Repeat the lines of the data exactly and exclude any picture among them.

*** RAW DATA ***

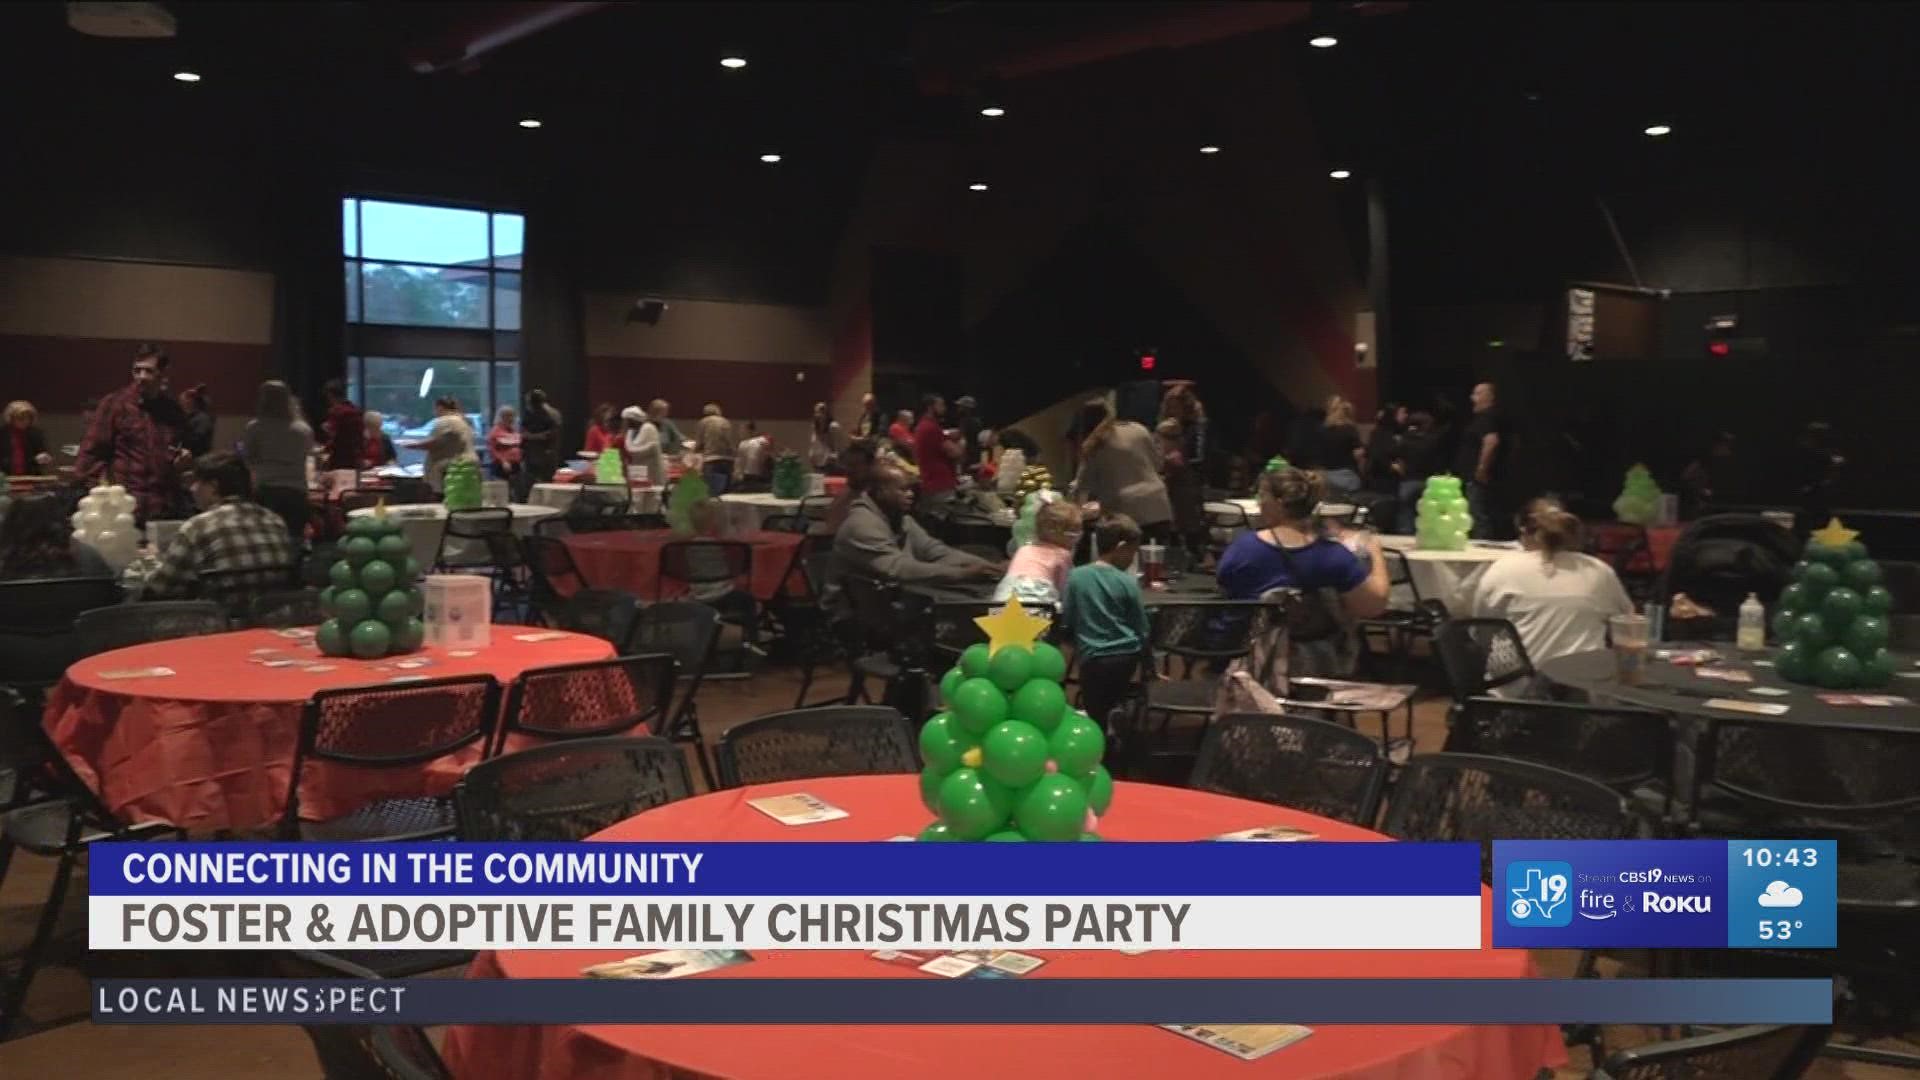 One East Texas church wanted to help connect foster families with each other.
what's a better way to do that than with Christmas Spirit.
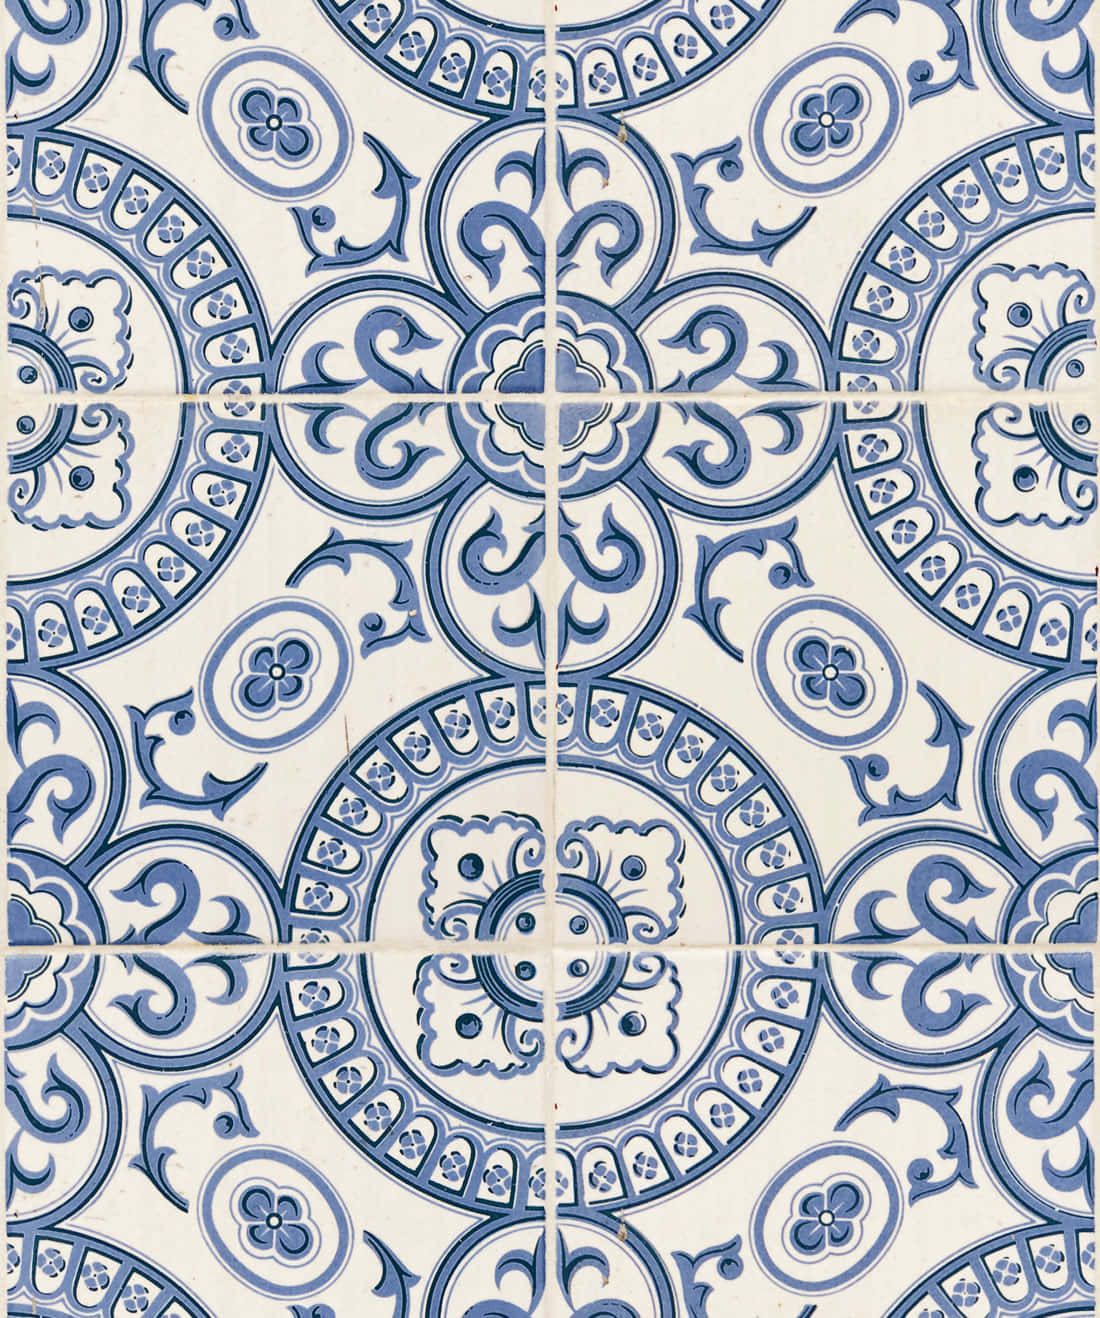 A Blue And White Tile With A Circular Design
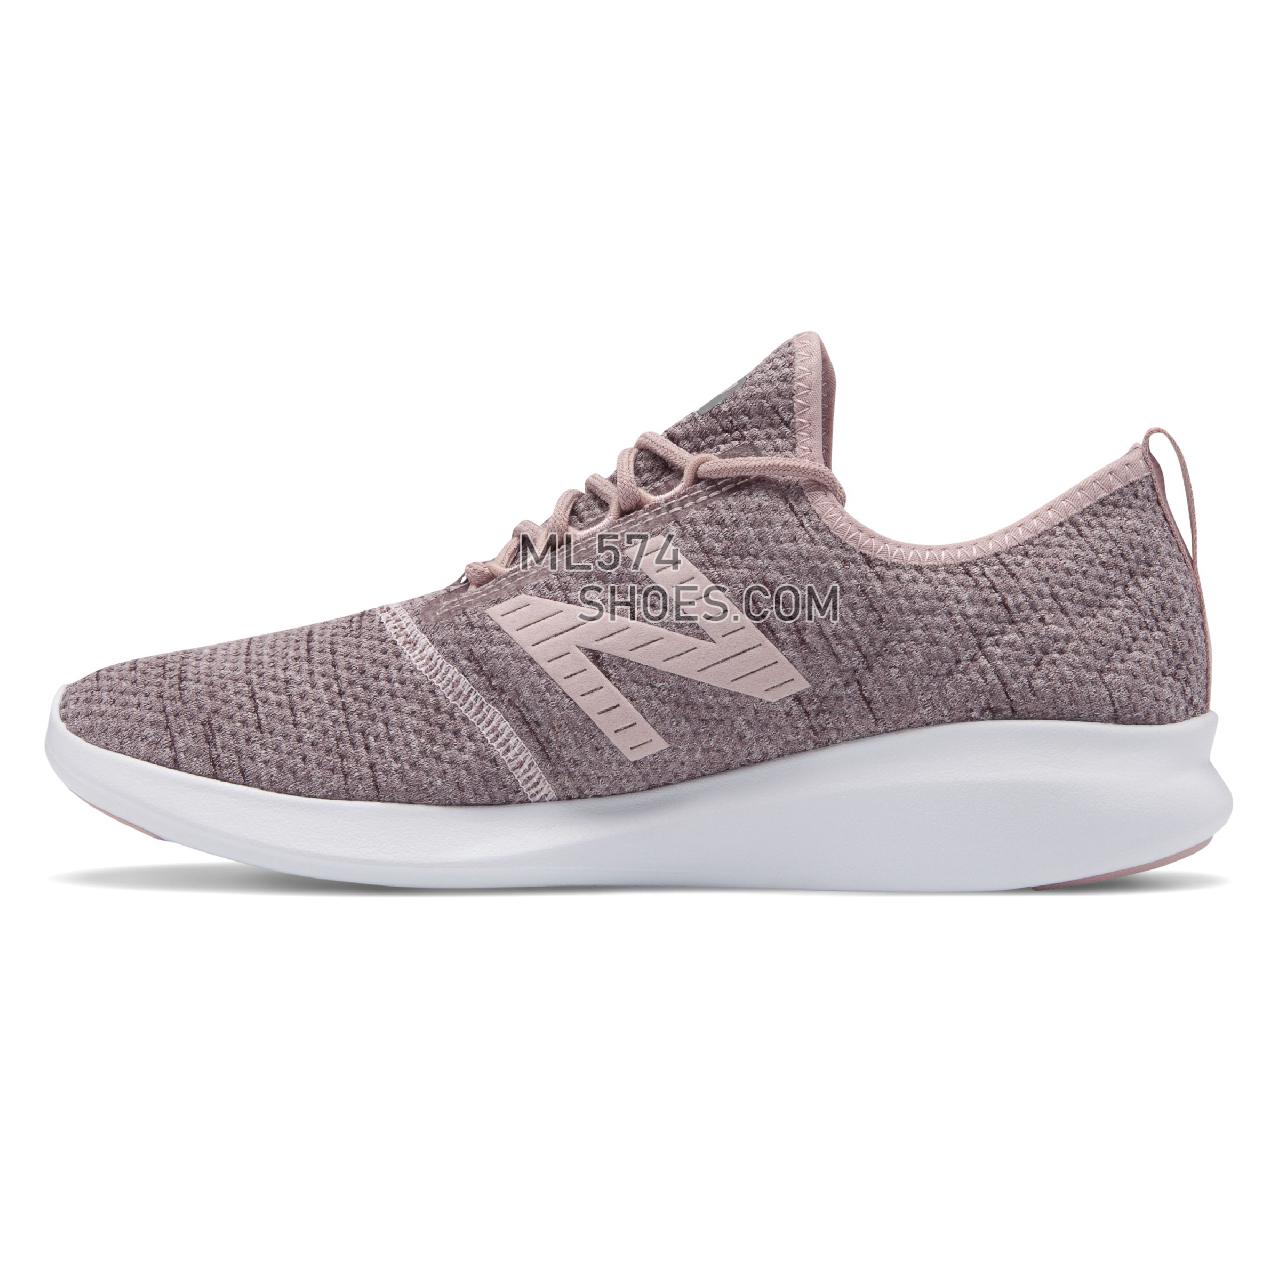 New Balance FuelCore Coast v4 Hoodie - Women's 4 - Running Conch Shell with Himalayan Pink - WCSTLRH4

*** End of RAW DATA ***

FINAL ANSWER
 One East Texas church wanted to help connect foster families with each other.
what's a better way to do that than with Christmas Spirit.
 A Blue And White Tile With A Circular Design
 New Balance FuelCore Coast v4 Hoodie - Women's 4 - Running Conch Shell with Himalayan Pink - WCSTLRH4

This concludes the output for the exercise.